Abstract

The genetic material of an egg and a sperm contains the information for all of antigens which will appear under normal conditions during embryonic development and during the whole of the life of the organism. In the beginning, however, both cells seem to be very poor antigenically, the egg in particular. Palm et al. (1971) have shown that an unfertilized mouse egg and a very early mouse embryo — at the level of a few cells — show negative membrane-fluorescence staining with otherwise positive anti-H-2 serum. Antisera prepared against weak histocompatibility antigens (H-1, H-6) produced a positive membrane fluorescence reaction with the unfertilized egg, and the embryo at the level of a few cells. We recently reported (Koldovsky et al., 1972) that guinea-pig antiserum prepared against unfertilized mouse eggs is highly cytotoxic for these eggs, but such an antiserum has no detectable cytotoxic activity against normal mouse cells from an adult animal.
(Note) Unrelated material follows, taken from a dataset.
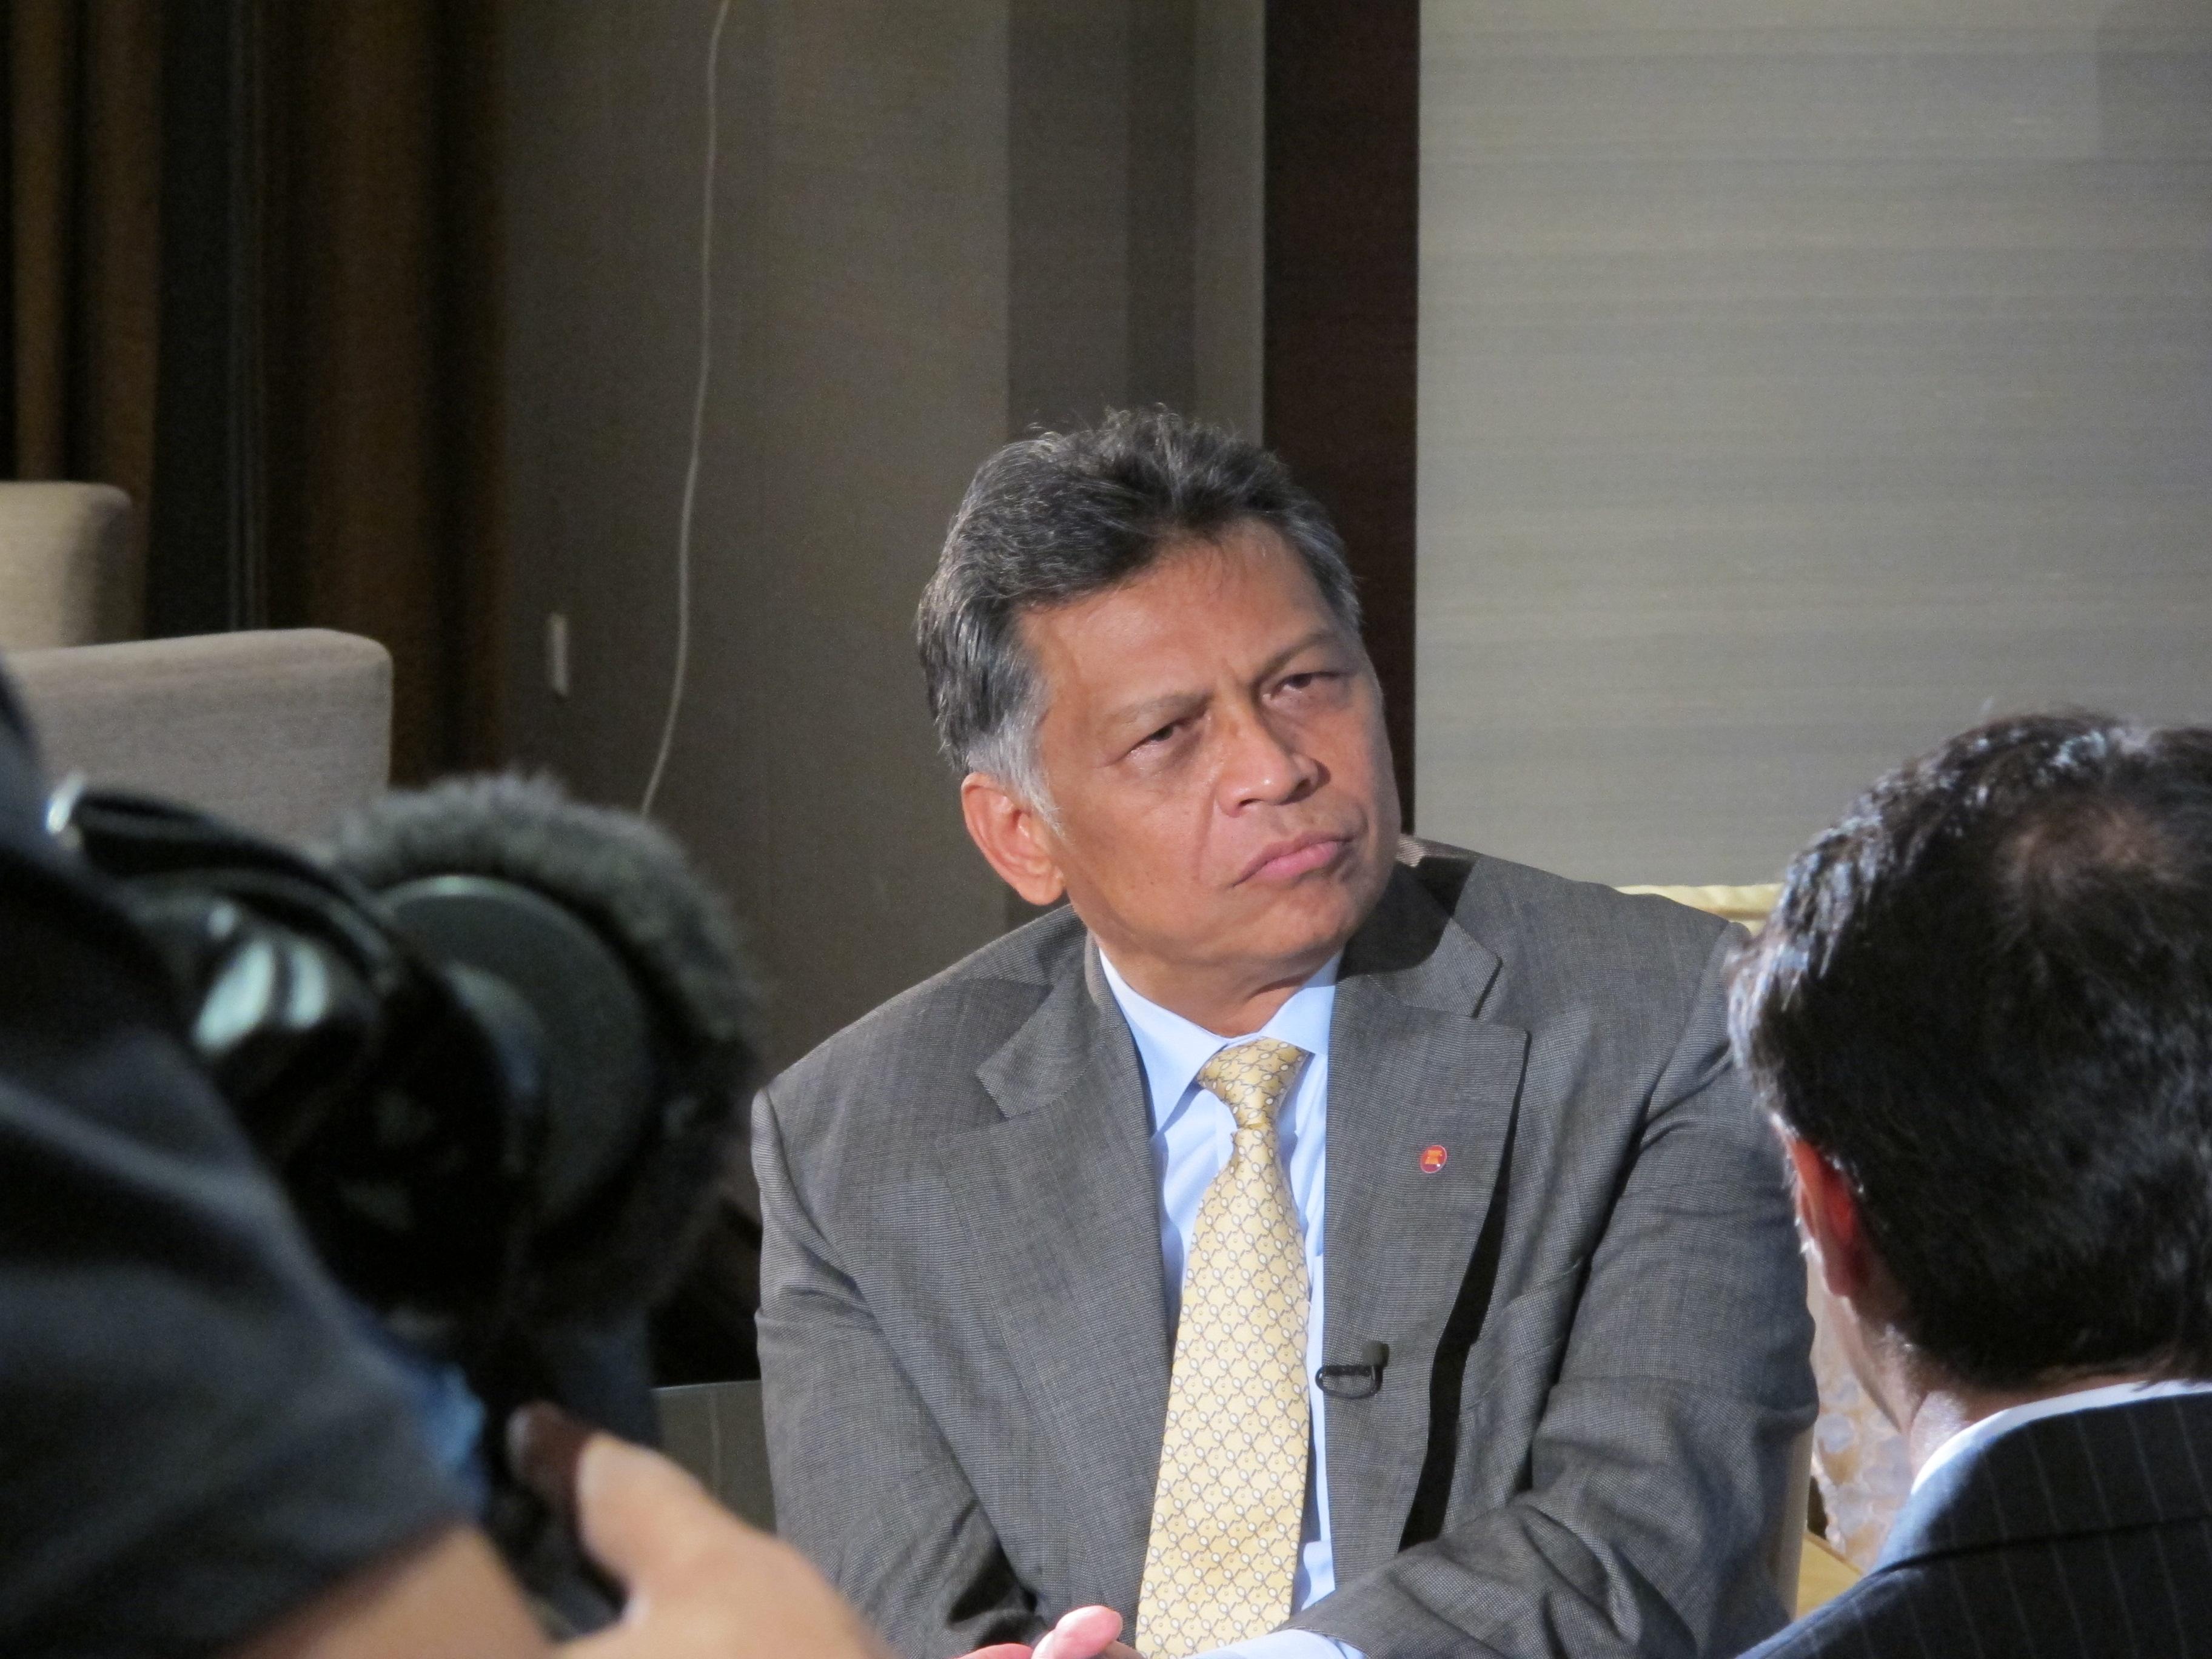 Dr. Surin Al Jazeera Interview 3

Unfertilized mouse eggs are also insensitive to the cytotoxic action of guinea-pig antiserum to mouse spleen cells or to mouse anti-H-2 antigen antibodies. The effect of guinea-pig antisera against unfertilized mouse eggs seems to be species-specific (rat, hamster, rabbit). This property is different from that of organ-specific antigens, which usually cross the species barrier.